───── Collected material
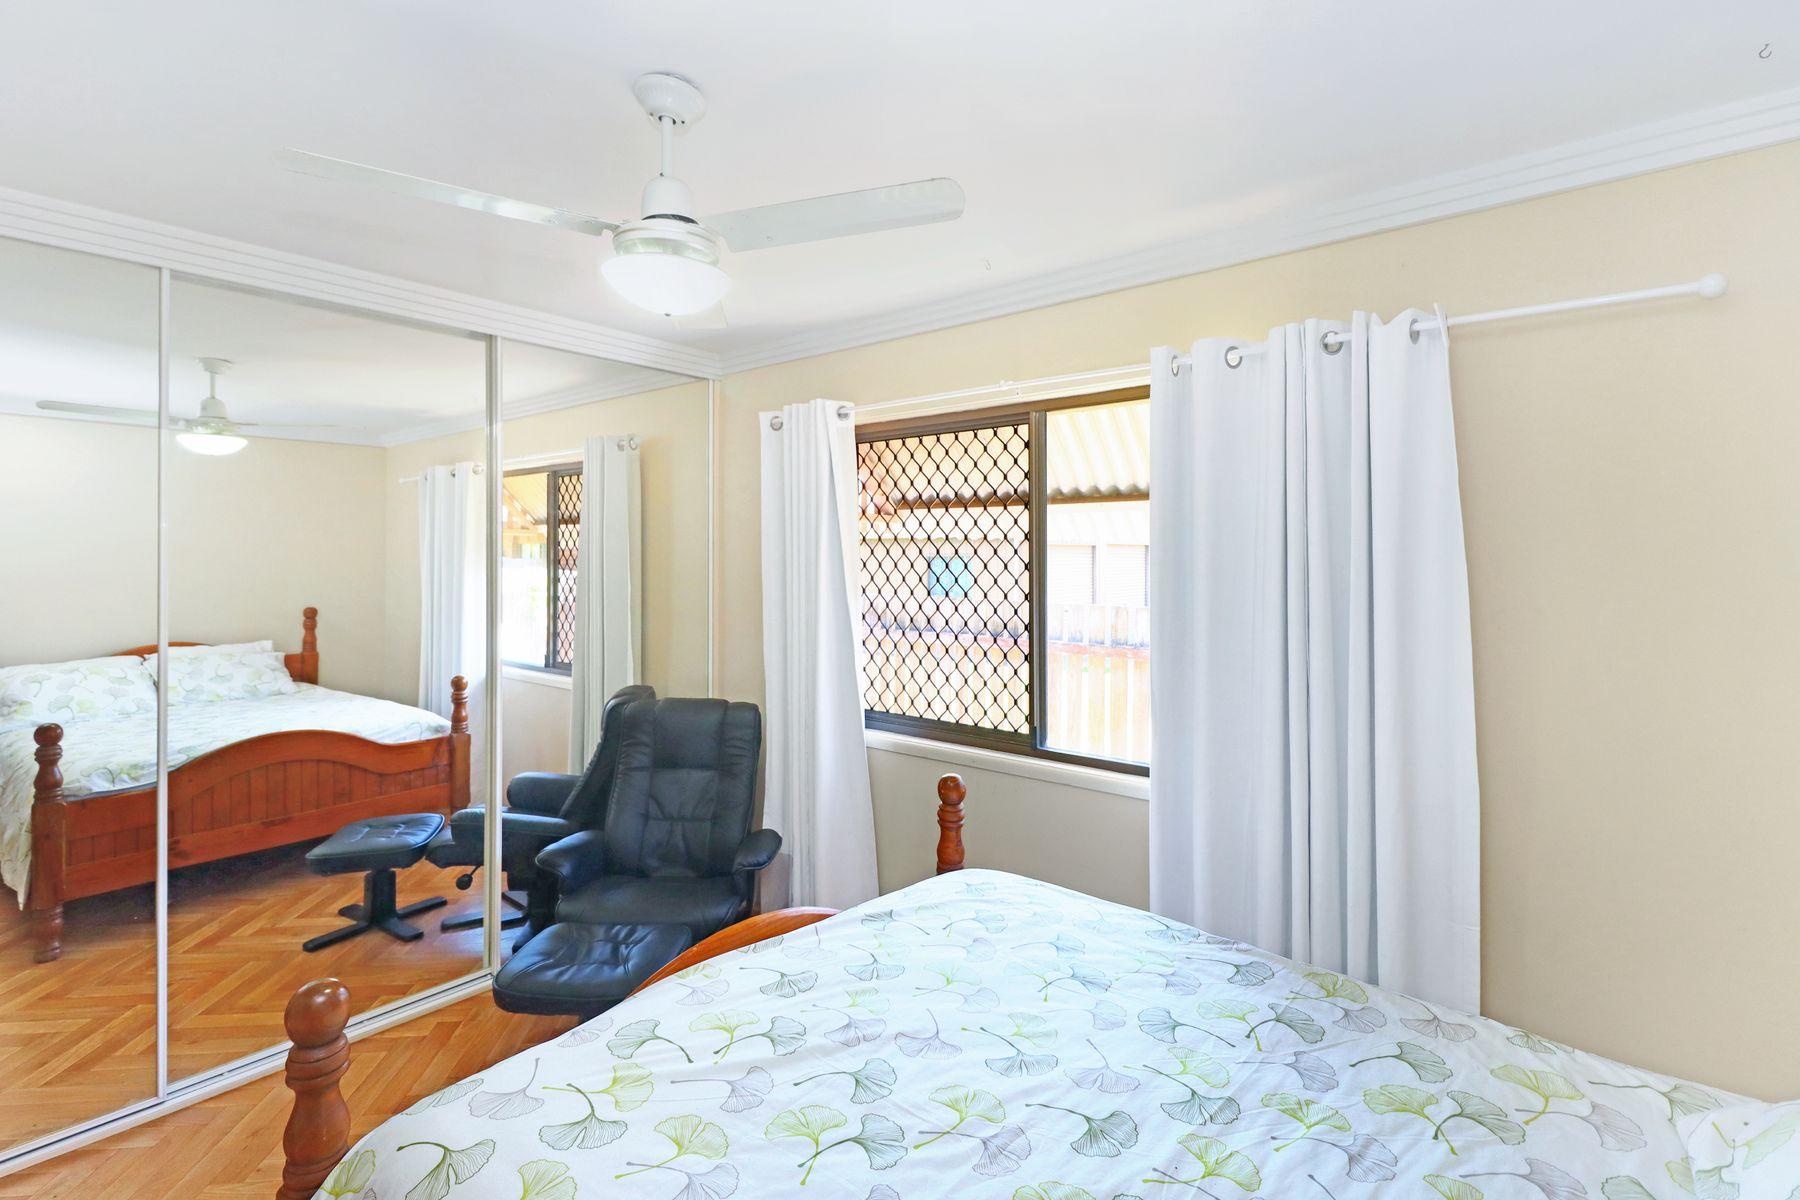 26 Frangipanni Avenue, Kawungan, QLD 4655
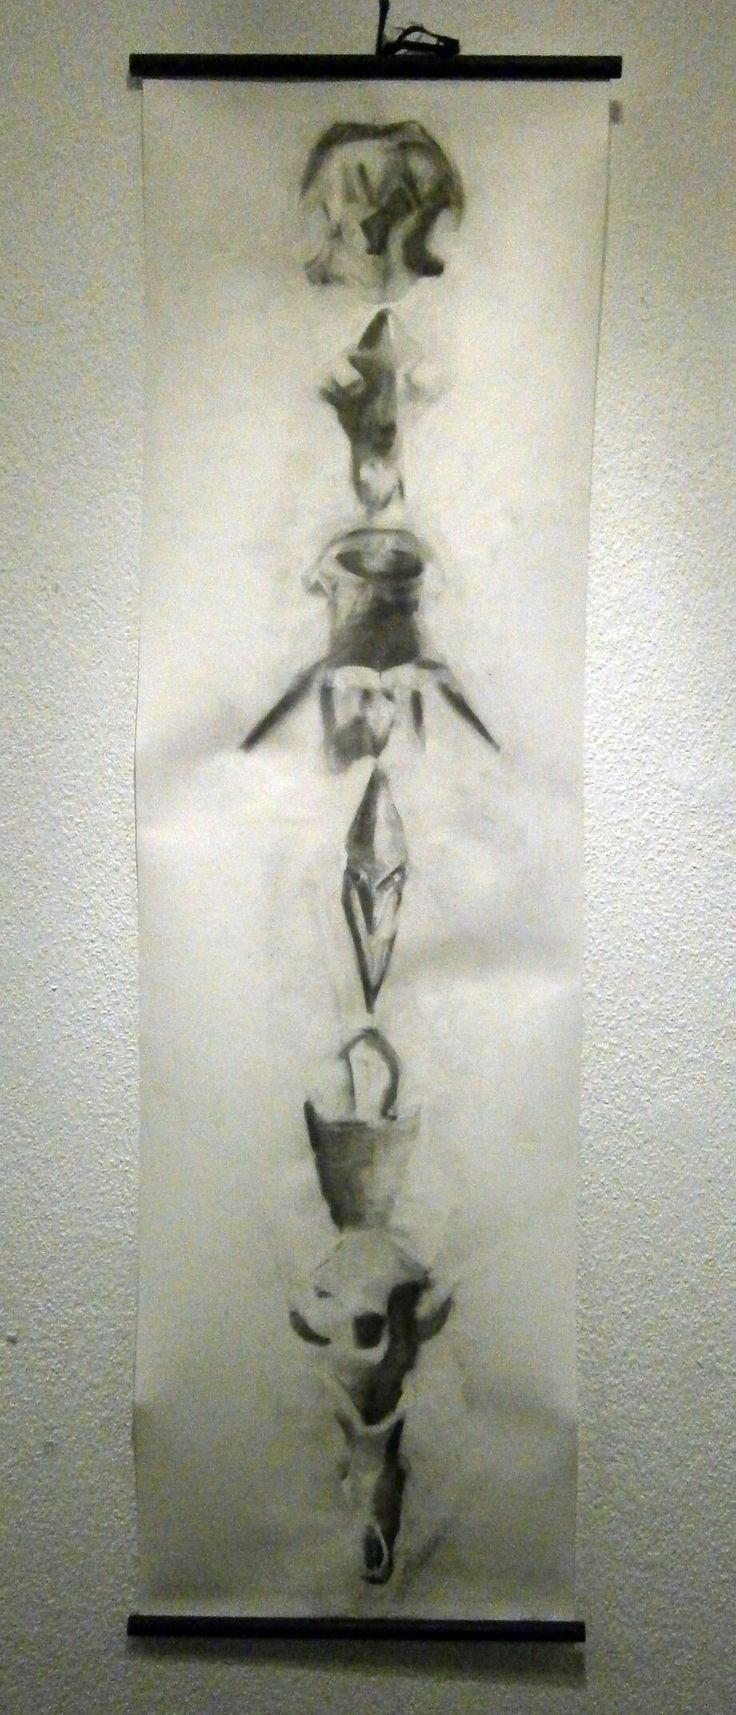 Totem, carboncillo sobre papel engesado, 2014, Gabriel Bretone
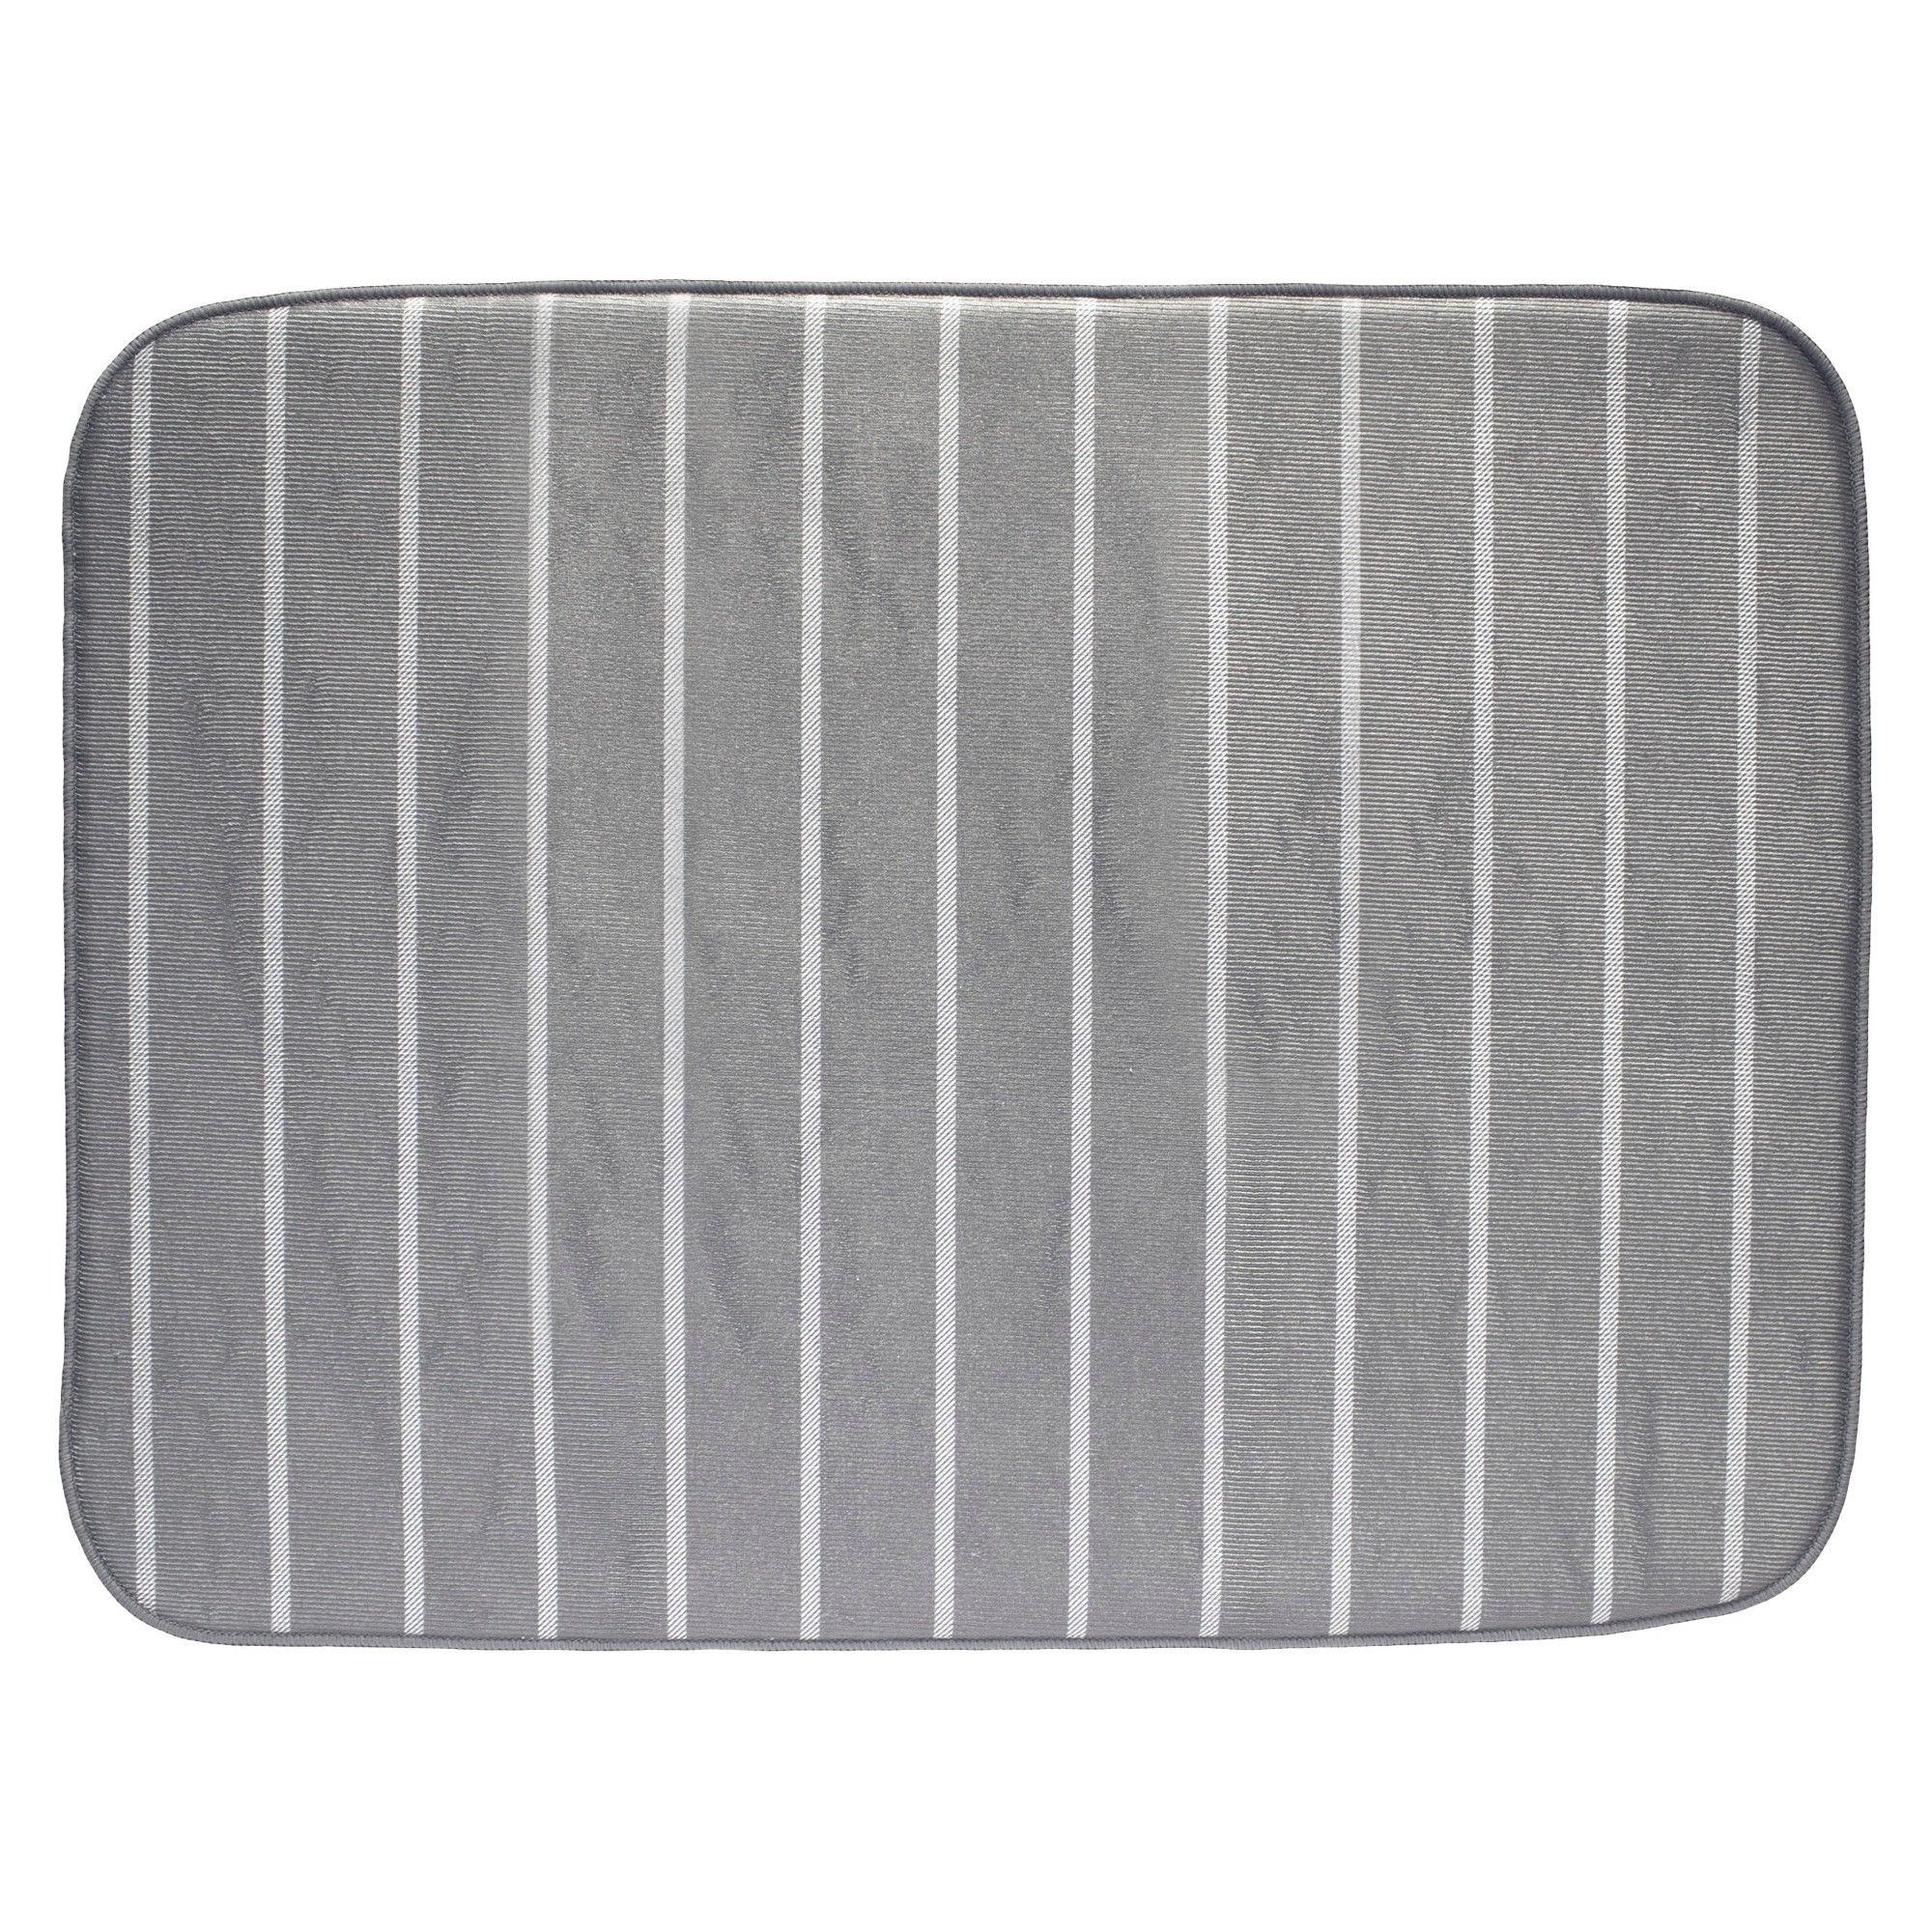 Target Dish Drying Rack Dish Drying Mat  Gray  Threshold  Products
──────────
Return all of the material exactly, without pictures.

• [The answer]:
 26 Frangipanni Avenue, Kawungan, QLD 4655
 Totem, carboncillo sobre papel engesado, 2014, Gabriel Bretone
 Target Dish Drying Rack Dish Drying Mat  Gray  Threshold  Products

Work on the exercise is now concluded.